Retargeting solves this by finding the semantic correspondence — "this bone is the left upper arm in both skeletons" — and converting the rotation data between rest poses. The math involves quaternion multiplication: take the bone's rotation relative to its rest pose in the source skeleton, and apply it relative to the rest pose in the target skeleton.

The result is not always perfect. Proportional differences mean a tall character's walk cycle might look slightly different on a short character. Extreme poses can clip through the mesh. But for the vast majority of everyday animations — idle, talking, gestures, reactions — retargeting produces natural-looking results with no manual adjustment.

Choosing the Right Format

For most avatar systems, the practical answer is: use all of them.

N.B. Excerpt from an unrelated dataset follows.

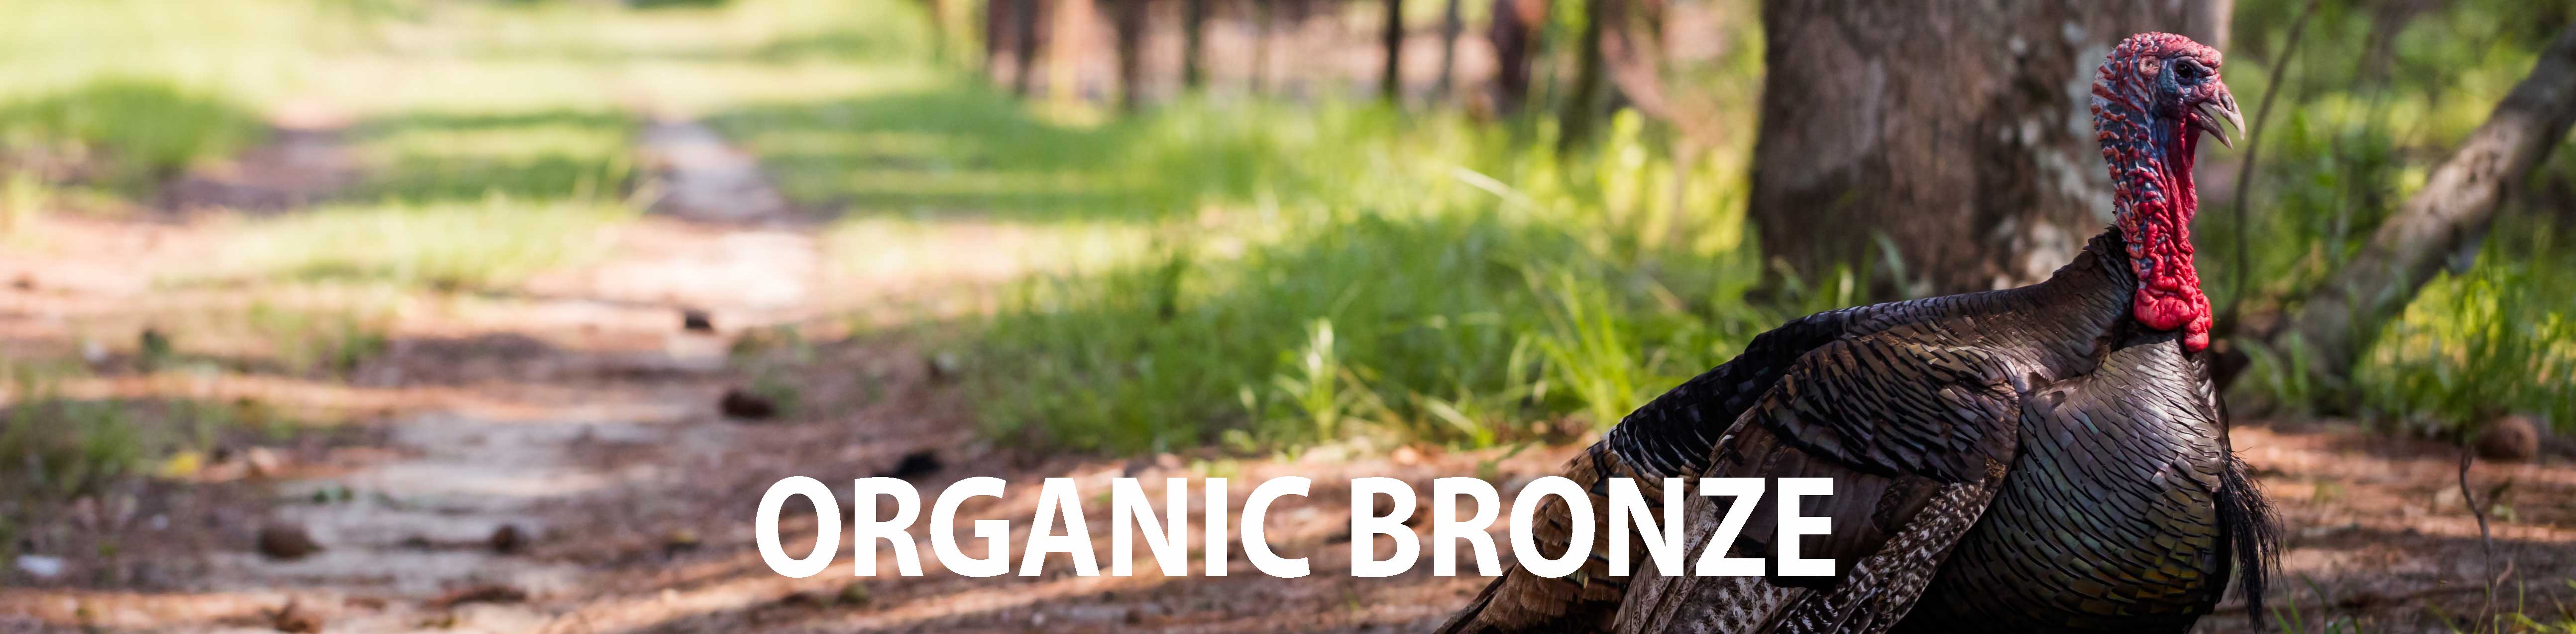 Organic Bronze

Start with FBX from Mixamo for your animation library. Thousands of free, high-quality animations covering every common motion.
Use VRMA when available, especially for animations authored specifically for VRM models. As the format matures, it will increasingly replace FBX for VRM workflows.
Use BVH when working with custom motion capture data or research datasets.
Embed critical animations (idle, entrance) directly in the GLB model file for zero-latency playback on load.
Convert .anim files from the Unity Asset Store to FBX or VRMA when bringing Unity content into web-based systems.

The format matters less than you might think. What matters is the retargeting pipeline — the ability to take motion from any source and make it play naturally on any character. Get that right, and every animation library in the world becomes available to every avatar you build.